Ground truth and provenance¶

A genotype experiment emits, by construction, everything an evaluation needs:

Per-record fields: subject_id and haplotype are always stamped on every record; the truth/provenance columns (truth_v_call / truth_d_call / truth_j_call, and original_v_call / receptor_revision_applied when revision is used) require expose_provenance=True.
AIRR-standard vs GenAIRR extensions: sequence_id, sequence, sequence_alignment, v_call / d_call / j_call etc. are standard AIRR Rearrangement fields. haplotype (a 0/1 chromosome index - not the AIRR *_germline_alignment/haplotype-set sense), subject_id, truth_*, original_v_call, and receptor_revision_applied are GenAIRR extension columns added for ground-truth benchmarking; you won't find them in the AIRR schema.
result.genotypes: the list of attached Genotype objects (one per subject).
Genotype.to_table() / to_tsv(path): the ground-truth genotype as a table one row per (segment, gene) with zygosity (homozygous / heterozygous / hemizygous / deleted), the carried alleles per haplotype, and per-haplotype allele:copies:weight detail. This is the reference a genotype-inference benchmark compares against.

for row in result.genotypes[0].to_table():
    if row["zygosity"] != "homozygous":      # show the interesting genes
        print(row["gene"], row["zygosity"], row["haplotype_0"], row["haplotype_1"])

Limitations (this release)¶

Model assumptions (what the genotype machinery does not try to capture, so you can judge whether it fits your study):

Sampling is independent per gene.
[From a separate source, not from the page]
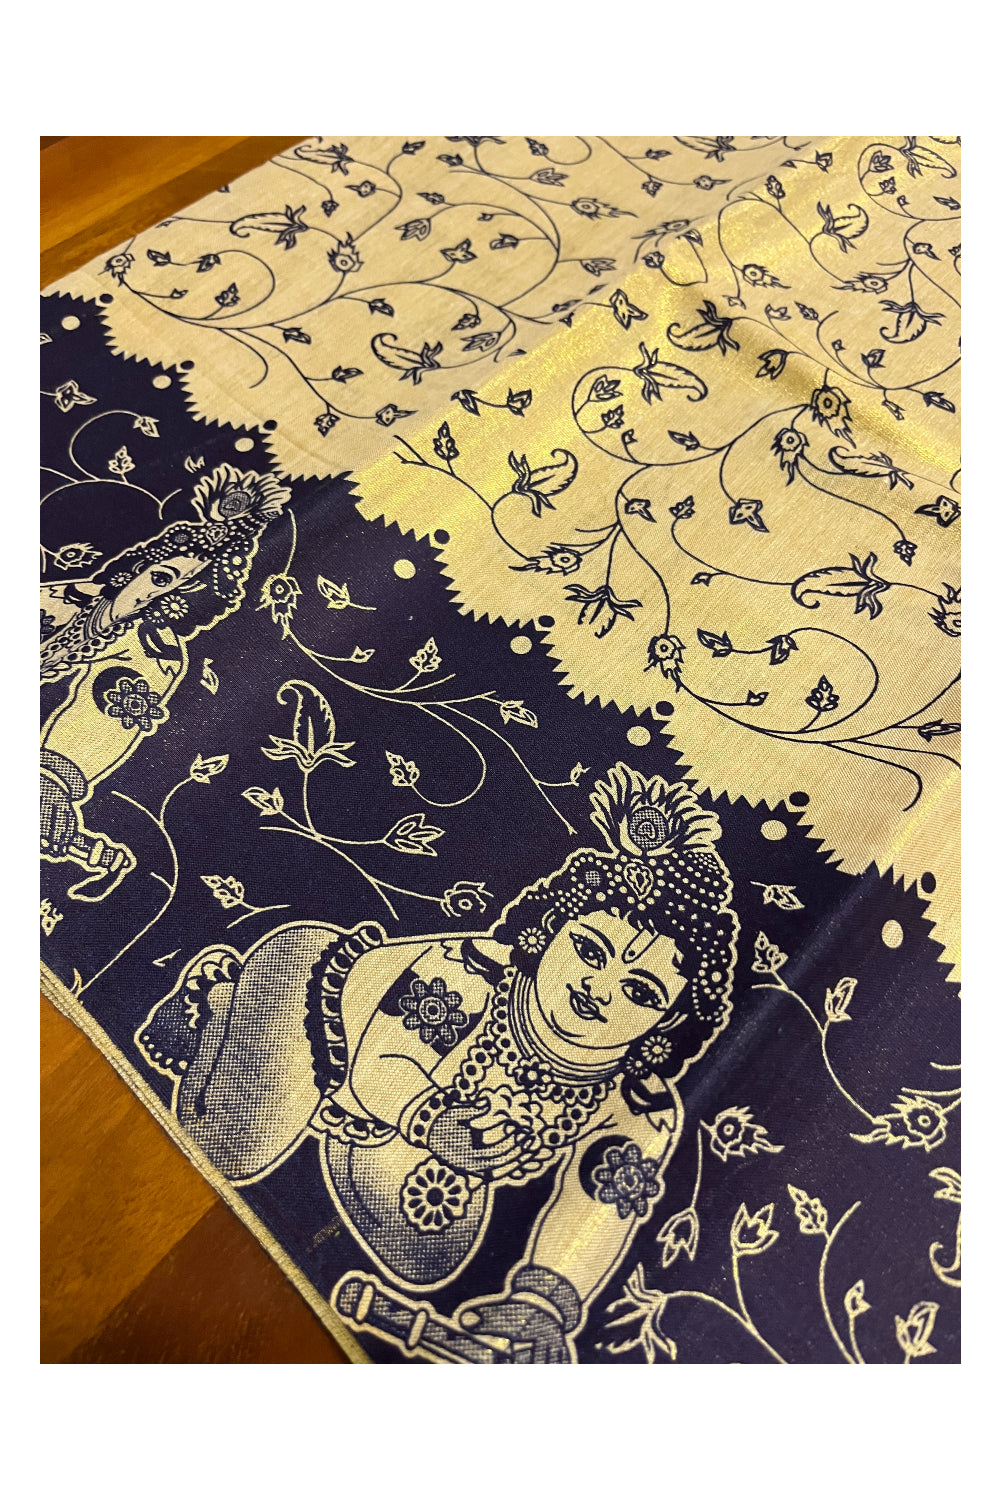 Kerala Tissue Block Printed Pavada and Dark Blue Designer Blouse Material for Kids/Girls 4.3 Meters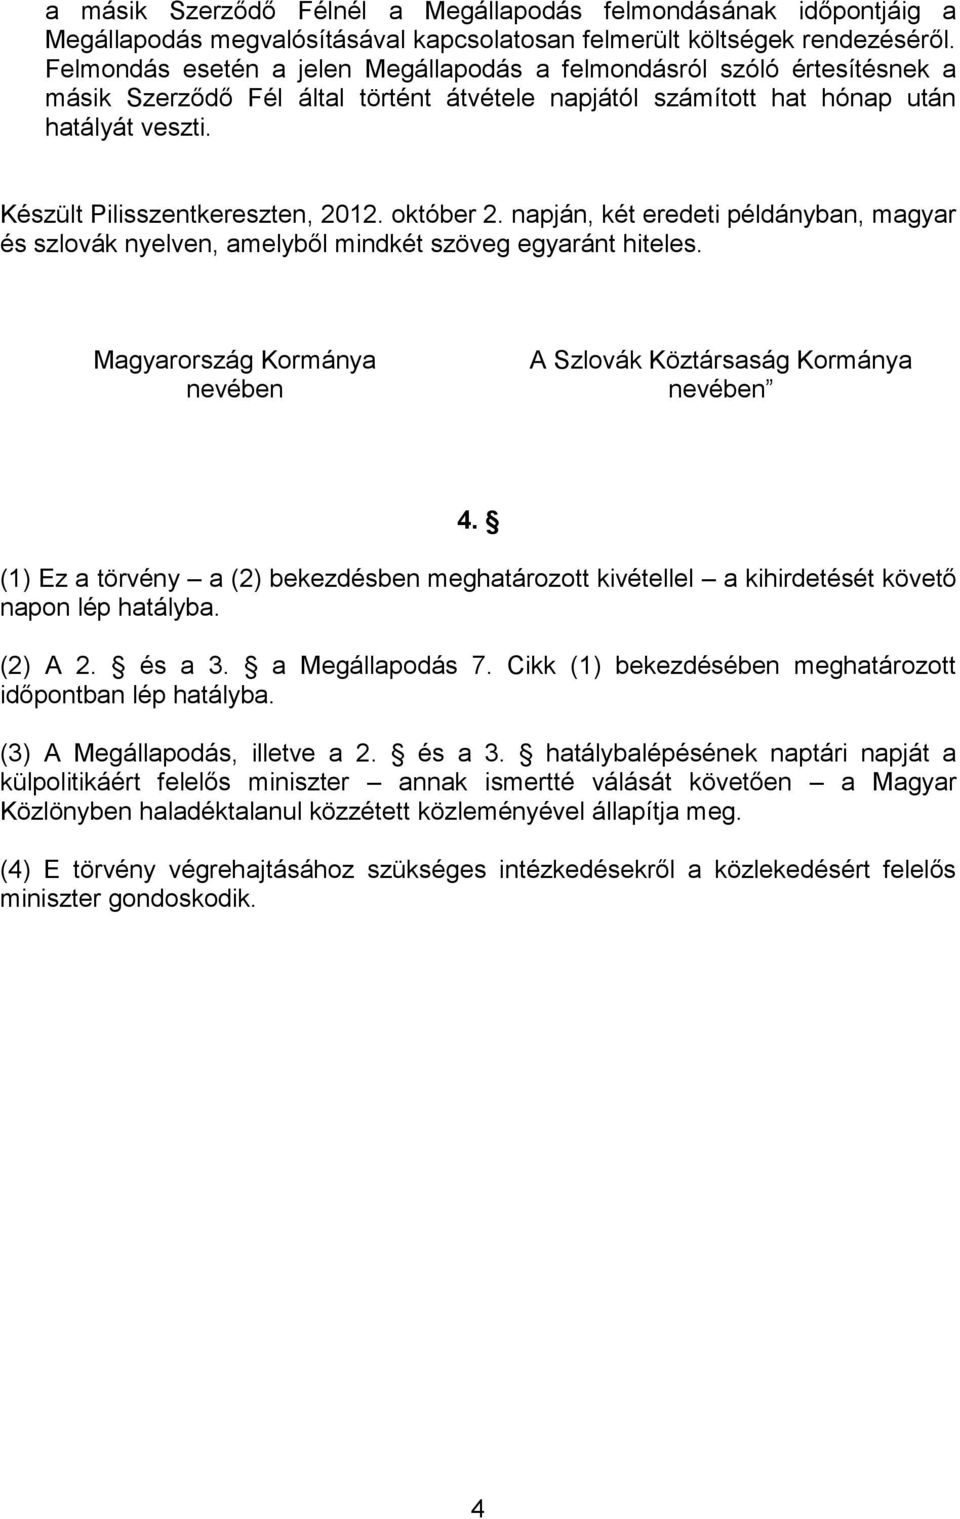 Készült Pilisszentkereszten, 2012. október 2. napján, két eredeti példányban, magyar és szlovák nyelven, amelyből mindkét szöveg egyaránt hiteles.

Genotype.sample draws each gene independently under a per-chromosome Hardy–Weinberg model - no linkage disequilibrium, gene co-deletion blocks, ancestry, or donor-specific haplotype structure (see the caveat box in Sampling & population priors). Hand-built genotypes are exactly what you specify.
Deletion, not duplication, in sampling. Sampling models gene presence/ deletion only; gene duplication / copy-number > 1 must be built explicitly with duplicate_gene.
Receptor revision is haplotype-aware, not mechanistic. It restricts the replacement V to carried alleles on the drawn chromosome, but does not model genomic V order, RSS constraints, upstream-V availability, or deletion of intervening loci.

Deferred features:

External loaders - importing genotypes from VDJbase / TIgGER / IgDiscover / partis output. (You can build the equivalent Genotype by hand today.)

Backward compatibility¶

The genotype machinery is purely additive. An experiment with no genotype attached produces byte-identical output to previous releases (pinned by a checksum test). Attaching a genotype is the only thing that switches recombination onto the phased path.